TASK TO COMPLETE:
Return the lines below that carry the word "Wallpaper".

##### MATERIAL FOR THE TASK #####

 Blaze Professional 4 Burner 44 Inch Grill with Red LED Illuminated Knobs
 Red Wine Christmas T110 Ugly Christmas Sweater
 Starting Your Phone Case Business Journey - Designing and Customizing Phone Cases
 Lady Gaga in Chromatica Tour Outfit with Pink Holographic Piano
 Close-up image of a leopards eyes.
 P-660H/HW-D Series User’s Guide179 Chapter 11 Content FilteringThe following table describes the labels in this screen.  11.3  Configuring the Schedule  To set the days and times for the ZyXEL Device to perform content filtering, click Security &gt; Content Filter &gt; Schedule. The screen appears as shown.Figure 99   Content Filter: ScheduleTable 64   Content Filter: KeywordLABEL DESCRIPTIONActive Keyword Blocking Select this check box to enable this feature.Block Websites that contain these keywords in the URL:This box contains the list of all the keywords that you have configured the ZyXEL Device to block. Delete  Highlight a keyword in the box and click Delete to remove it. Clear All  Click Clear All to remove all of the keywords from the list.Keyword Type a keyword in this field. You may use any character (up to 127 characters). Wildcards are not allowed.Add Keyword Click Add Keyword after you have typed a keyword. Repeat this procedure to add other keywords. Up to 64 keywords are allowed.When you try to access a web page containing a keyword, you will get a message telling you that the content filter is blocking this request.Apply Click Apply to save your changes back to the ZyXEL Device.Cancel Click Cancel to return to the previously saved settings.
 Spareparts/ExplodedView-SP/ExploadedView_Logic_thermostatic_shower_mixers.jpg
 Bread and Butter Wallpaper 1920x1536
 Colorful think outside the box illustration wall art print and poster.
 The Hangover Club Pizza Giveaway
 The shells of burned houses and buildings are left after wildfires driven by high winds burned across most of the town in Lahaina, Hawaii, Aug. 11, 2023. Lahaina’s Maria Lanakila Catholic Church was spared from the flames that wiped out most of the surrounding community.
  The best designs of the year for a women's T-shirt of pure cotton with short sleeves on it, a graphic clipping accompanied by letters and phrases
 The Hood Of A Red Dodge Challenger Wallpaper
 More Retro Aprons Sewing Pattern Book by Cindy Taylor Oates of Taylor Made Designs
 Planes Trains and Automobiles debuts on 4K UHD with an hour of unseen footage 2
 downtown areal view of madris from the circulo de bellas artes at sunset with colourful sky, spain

#####

TASK RESPONSE:
 Bread and Butter Wallpaper 1920x1536
 The Hood Of A Red Dodge Challenger Wallpaper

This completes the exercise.